Science and Technology News

Thursday, August 27, 2015

Info exchange facilitates change

by Maj Bruce R. Hill, Jr.
Air Force Nuclear Weapons Center

8/27/2015 - KIRTLAND AIR FORCE BASE, N.M. -- Knowledge can make for positive change and strengthen an organization. The Air Force Nuclear Weapons Center Force Improvement Program team is gaining knowledge through the exchange of information with units throughout the center, strengthening relationships with missile and bomber wing customers.

In June, the AFNWC FIP team met with members of the 90th Missile Maintenance Squadron at F.E. Warren Air Force Base, Wyoming, to gain an understanding of how Air Force Materiel Command supports intercontinental ballistic missile maintenance, and how AFNWC can better support its customers. The effort supports the AFNWC commander's intent to improve the force.

"By shadowing a maintenance team we got a first-hand look into their day-to-day operations," said Capt. Michael J. Parker, Physicist and Nuclear Engineer and FIP team volunteer. "We got to learn what works for them and what doesn't."

It all started in 2014 when AFNWC leadership and the original FIP team discussed the benefit of talking with the customer in person to see how AFNWC could better support them.

Traveling to the Cowboy State was both helpful and enlightening with respect to better understanding the customer. Although issues exist that are not in AFNWC's purview, some can be handled by the center. For example, an issue brought up by the 90th Maintenance Group regarding sensor problems gave the team insight as to what really happens when water seeps into missile silos.

"When water collects around a sensor, an alarm will alert six personnel to be dispatched," said Capt. Jordan K. Tabayoyon, 90th MMXS facilities flight commander.  "The response to this alarm is priority one, which means we must respond as soon as possible to determine the issue. To do so requires us to divert personnel and resources already scheduled for other tasks."

Since 2013, teams were dispatched 42 times only to find that the alerts were caused by negligible amounts of water seepage.

"We contacted the missile engineering office at F.E. Warren who's in charge of that modification and tied them in with the Rivet MILE teams at Hill AFB, Utah, to reconsider the water sensor locations," said Kent T. Hyer, Ground Division Mechanical Branch chief and FIP team member located at Hill AFB.

Now that the connection is made between the two organizations, relationships develop that foster cooperation and understanding. This allows the FIP team to move into a monitoring position until the issue with the sensors becomes rectified.

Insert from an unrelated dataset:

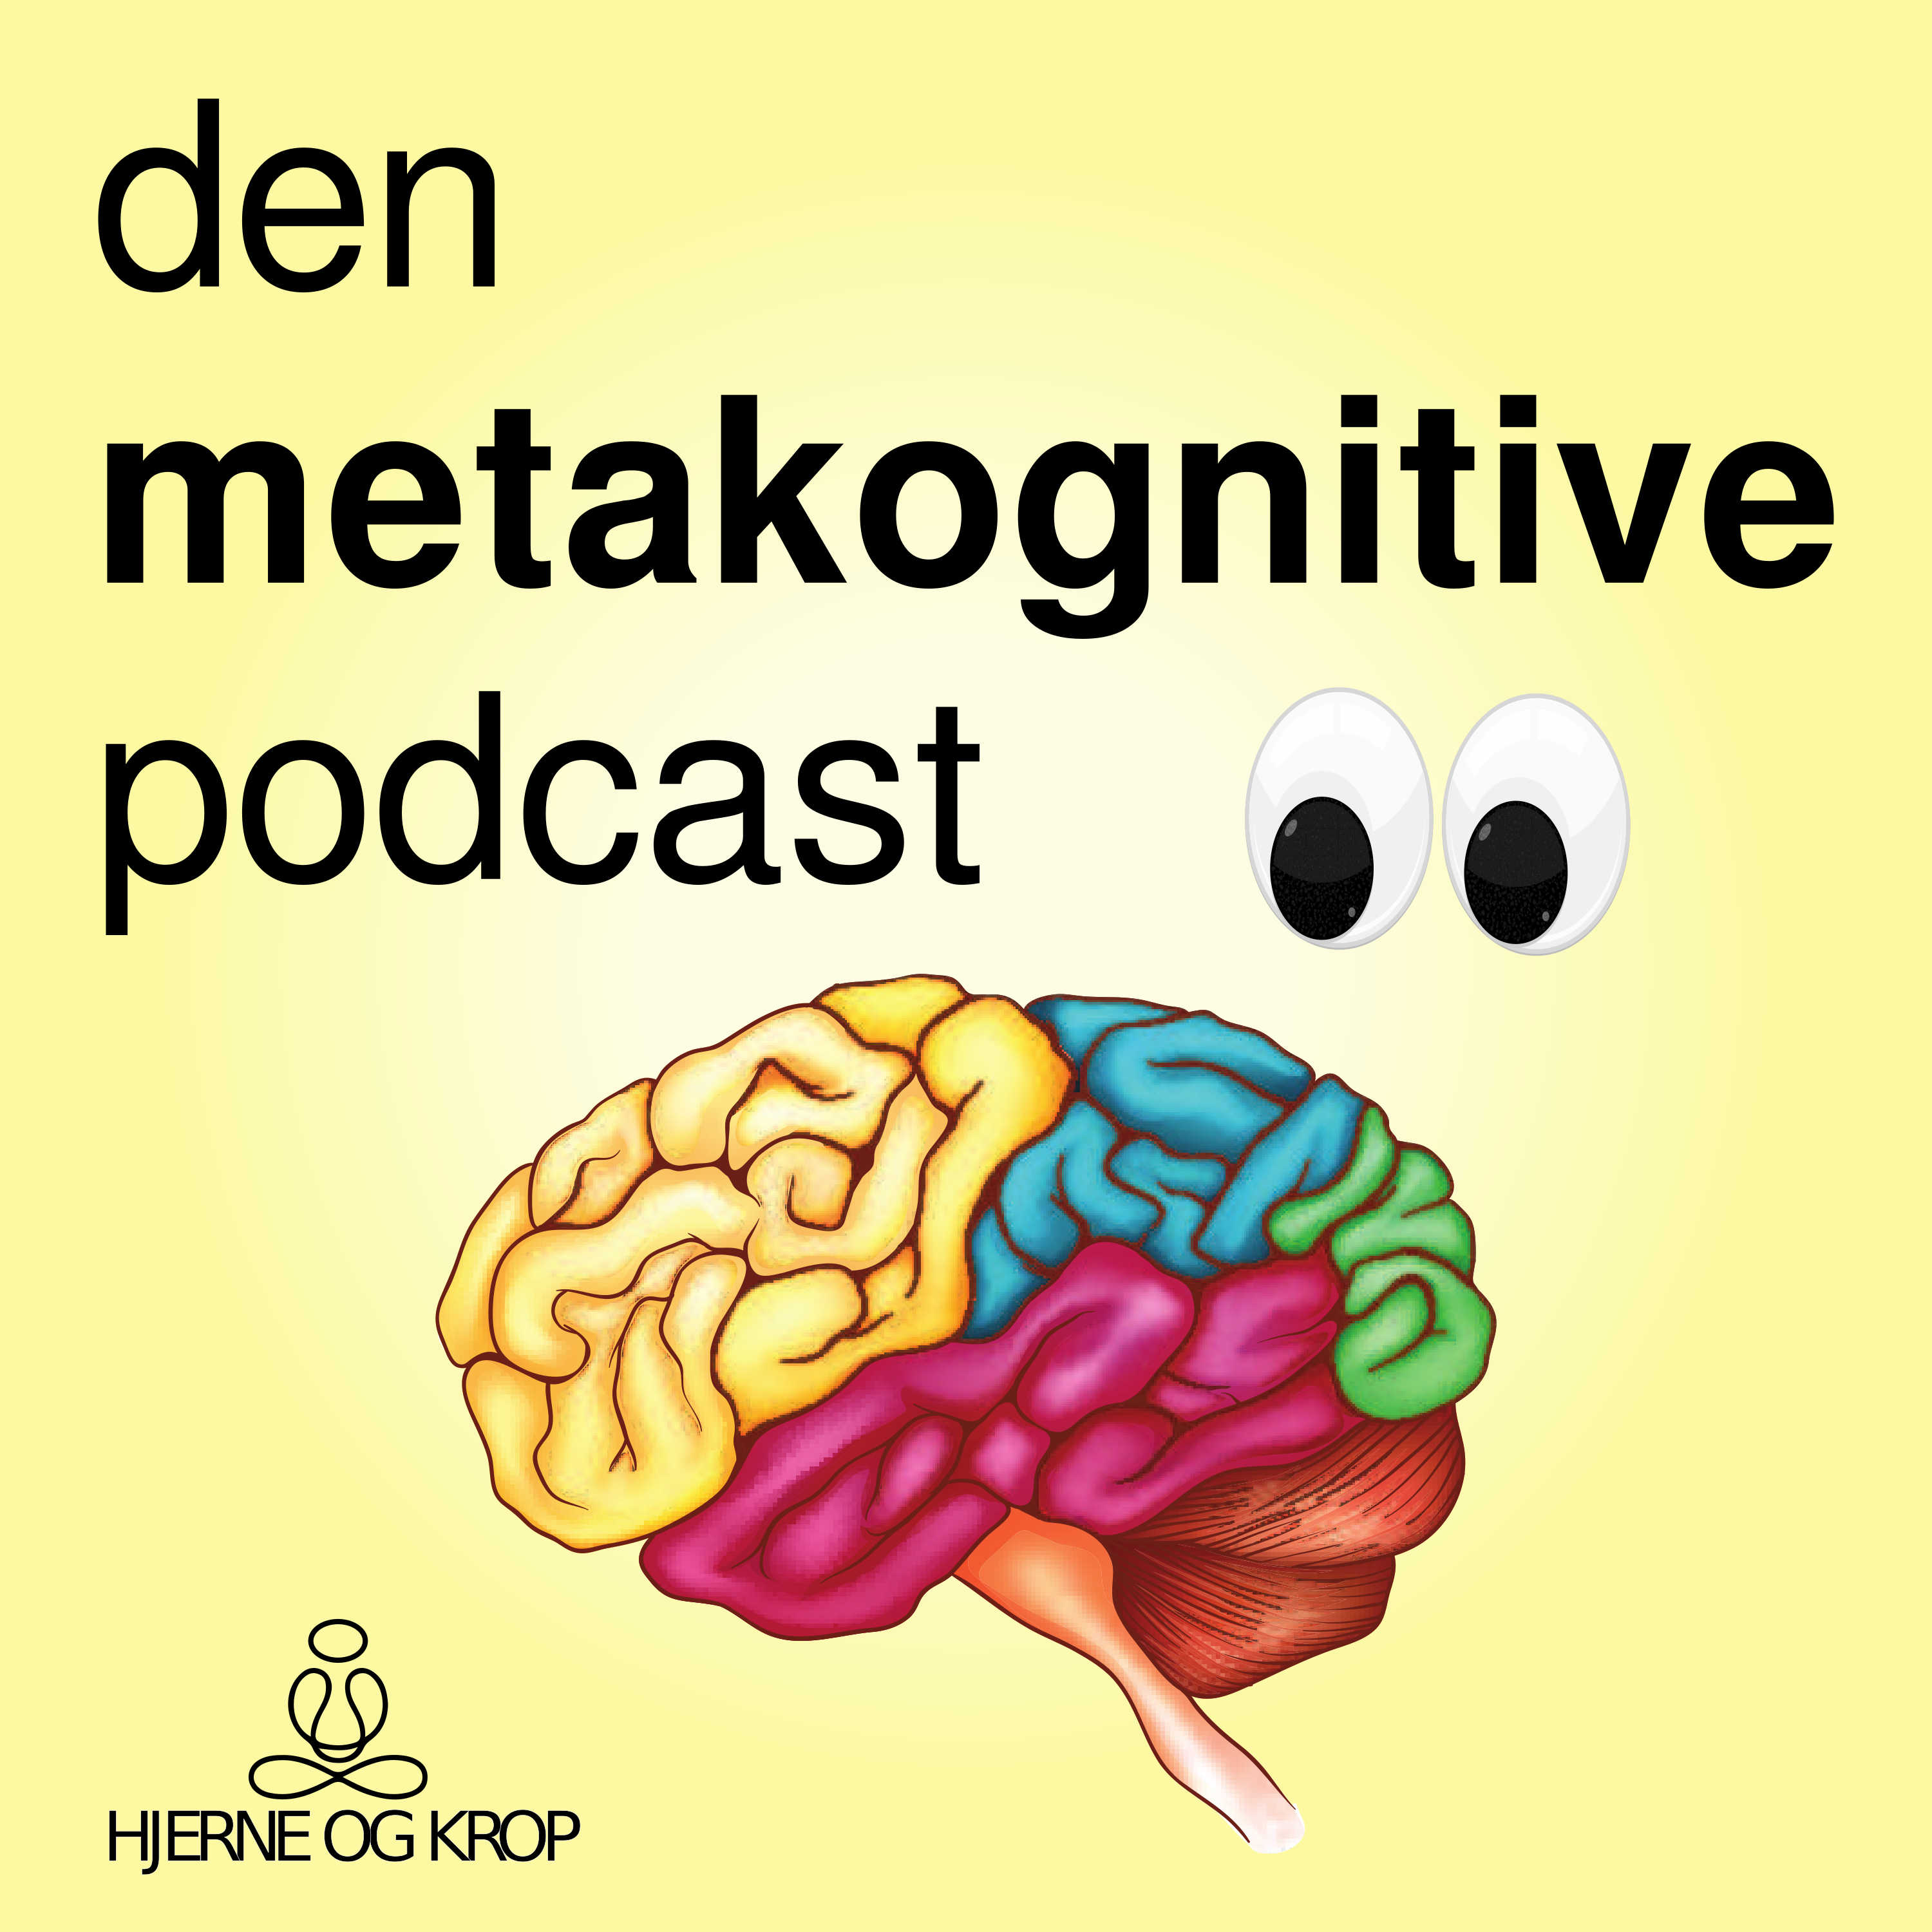 Den metakognitive podcast - metakognitiv psykologi, metakognitiv terapi og mindfulness

More than a dozen observations were made by the FIP team, some of which led to rapid results such as the restored function of an Air Launch Control System antennae and Fast-Rising B-Plug. The team will work similar issues and keep the AFNWC commander apprised of status, such as with the water sensors.

Additionally, the FIP team will share its observations with Air Force Global Strike Command, the 90th MMXS's major command, for its consideration.

"It is results like these that I expect from the FIP team, because we have a responsibility to the warfighter (customer)," said Maj. Gen. Sandra E. Finan, AFNWC commander. "The FIP team sometimes has to dig deep to get to the root of an issue, which includes meeting with the warfighter. By doing so, we help ensure they get the quality products and services they expect and deserve from us."